Film

Der innere Krieg

So wie es kein richtiges Leben im falschen gibt, scheint es keine Menschlichkeit in der Zivilisationslosigkeit des Krieges zu geben. Tobias Lindholm erzählt in seinem Film »A War« eindrucksvoll von einem Mann, der auf einem schmalen Grat wandelt.

Was für einen Krieg hat die sogenannte »internationale Gemeinschaft«, die es an nahezu jedem Krisenherd an Gemeinschaftsgedanken fehlen lässt, am Hindukusch geführt? Wurden dort tatsächlich die ebenfalls so genannten »westlichen Werte«, wurden Freiheit, Demokratie und Menschenrechte verteidigt? Oder war dieser Krieg nicht vielmehr ein Grab, in dem diese Werte versenkt wurden? Es gibt keine einfache Antwort auf diese Fragen, der dänische Regisseur und Drehbuchautor Tobias Lindholm stellt sie umso eindringlicher.

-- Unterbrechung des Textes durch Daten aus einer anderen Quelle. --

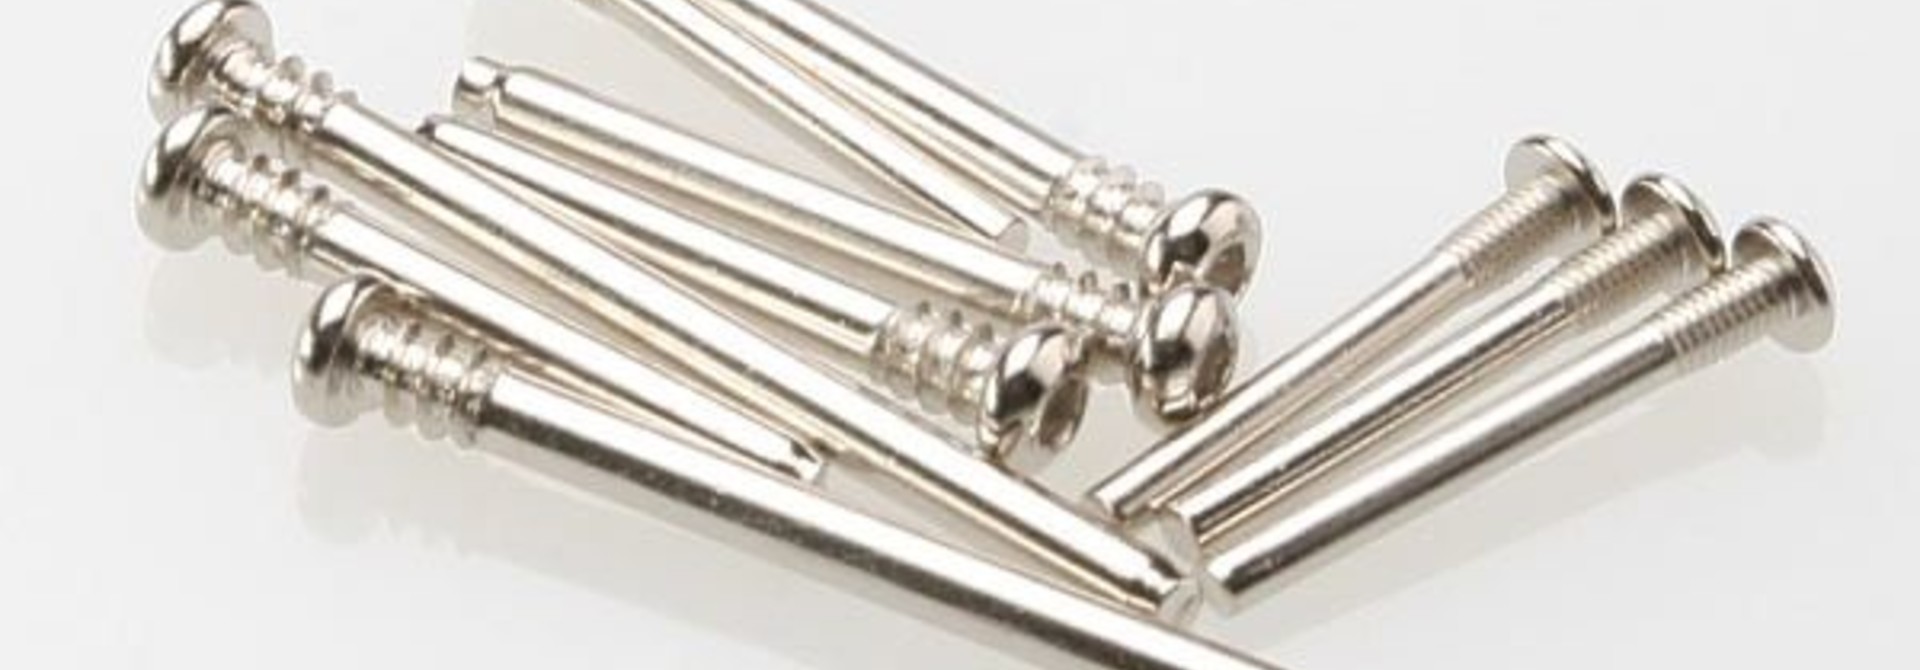 Suspension screw pin set, steel (hex drive) (requires part #, TRX3640

In seinem für den Oscar als bester fremdsprachiger Film nominierten Film A War erzählt er vom ISAF-Einsatz einer dänischen Einheit in Afghanistan, die den Wiederaufbau des Landes mit sichern soll. Bei einer Patrouille stirbt ein junger Soldat, nachdem er auf eine Mine getreten ist. Befehlshaber Claus Pedersen (Games of Thrones-Star Pilou Asbæk) muss alle Überzeugungskräfte aufwenden, um die Moral in seiner Truppe aufrecht zu erhalten. Er beschließt, selbst mit auf Patrouille zu gehen. Zwar riskiert der dreifache Familienvater dabei sein Leben, aber er wird seiner Vorbildrolle gerecht.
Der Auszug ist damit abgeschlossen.